I need to store user agent strings in a database for tracking and comparing customer behavior and sales performance between different browsers. A pretty plain user agent string is around 100 characters long. It was decided to use a varchar(1024)
for holding the useragent data in the database. (I know this is overkill, but that's the idea; it's supposed to accommodate useragent data for years to come and some devices, toolbars, applications are already pushing 500 characters in length.) The table holding these strings will be normalized (each distinct user agent string will only be stored once) and treated like a cache so we don't have to interpret user agents over and over again.
The typical use case is:
- User comes to our site, is detected as being a new vistor
- New session information is created for this user
- Determine if we need to analyze the user agent string or if we have a valid analysis on file for it
- If we have it, great, if not, analyze it (currently, we plan on calling a 3rd party API)
- Store the pertinent information (browser name, version, os etc.) in a join table tied the existing user session information and pointing to the cache entry
Note: I have a tendency to say 'searching' for the user agent string in the database because it's not a simple look up. But to be clear, the queries are going to use '=' operators, not regexes or LIKE % syntax.
So the speed of looking up the user agent string is paramount.
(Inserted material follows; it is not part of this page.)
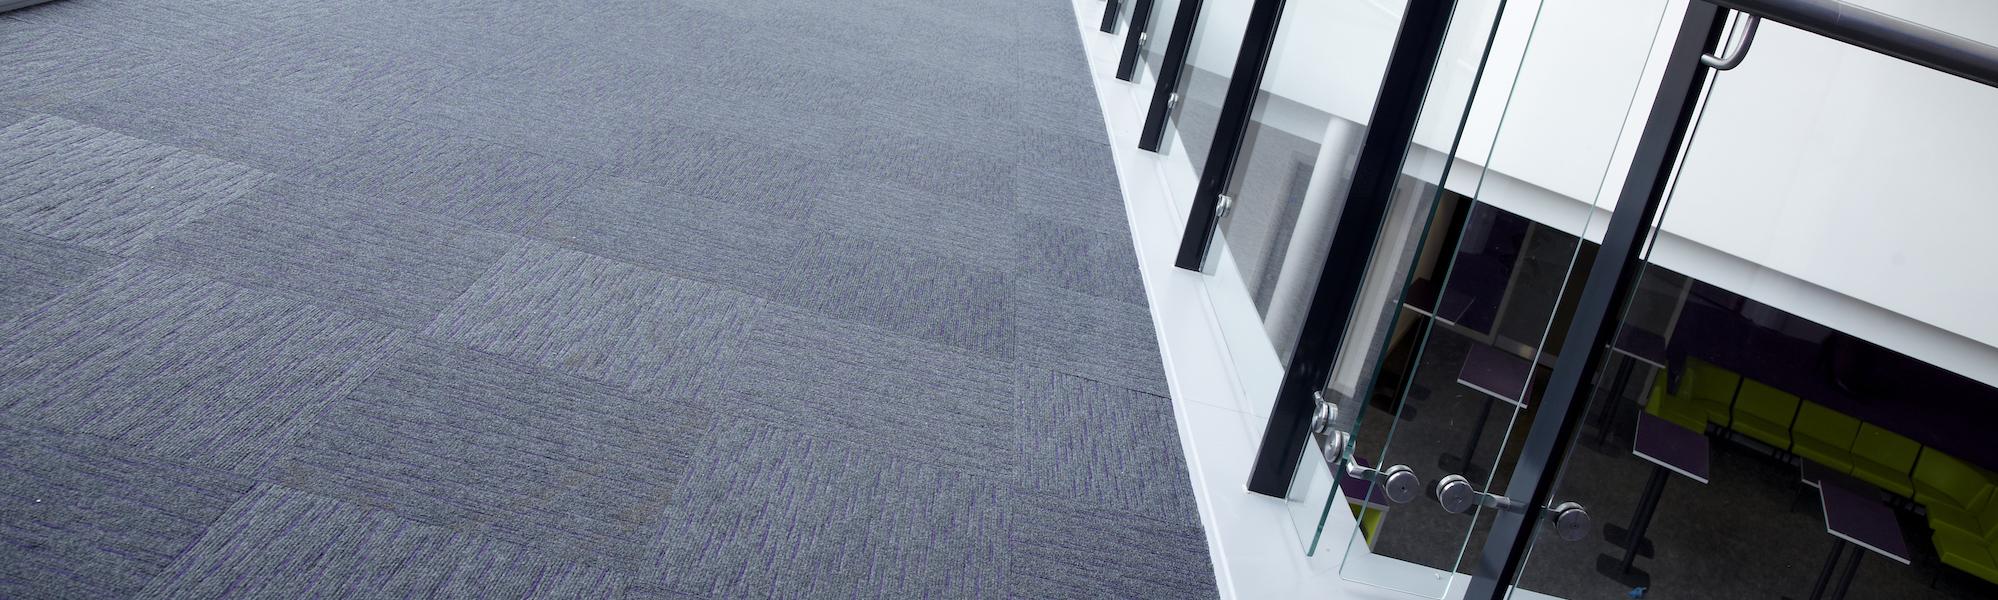 Heckmondwike FB | Commercial Carpet | Array for Education

I've explored a few methods of making sure it will have good performance. Indexing the whole column is right out for size reasons. A partial index isn't such a good idea either because most user agents have the distinguishing information at the end; the partial index would have to be fairly long to make it worthwhile by which point its size is causing problems.
So it comes down to a hash function. My thought is to hash the user agent string in web server code and run the select looking for the hash value in the database. I feel like this would minimize the load on the database server (as opposed to having it compute the hash), especially since if the hash isn't found, the code would turn around and ask the database to compute the hash again on the insert.
Hashing to an integer value would offer the best performance at the risk of higher collisions. I'm expecting to see thousands or tens of thousands user agents at the most; even 100,000 user agents would fit reasonably well into a 2^32 size integer with very few collisions which could be deciphered by the webservice with minimal performance impact. Even if you think an integer hash isn't such a good idea, using a 32 character digest (SHA-1, MD5 e.g.) should be much faster for selects than the raw string, right?
My database is MySQL InnoDB engine. The web code will be coming from C# at first and php later (after we consolidate some hosting and authentication) (not that the web code should make a big difference).
Let me apologize at this point if you think this is lame choose-my-hash-algorithm question. I'm really hoping to get some input from people who've done something similar before and their decision process. So, the question:
- Which hash would you use for this application?
- Would you compute the hash in code or let the db handle it?
- Is there a radically different approach for storing/searching long strings in a database?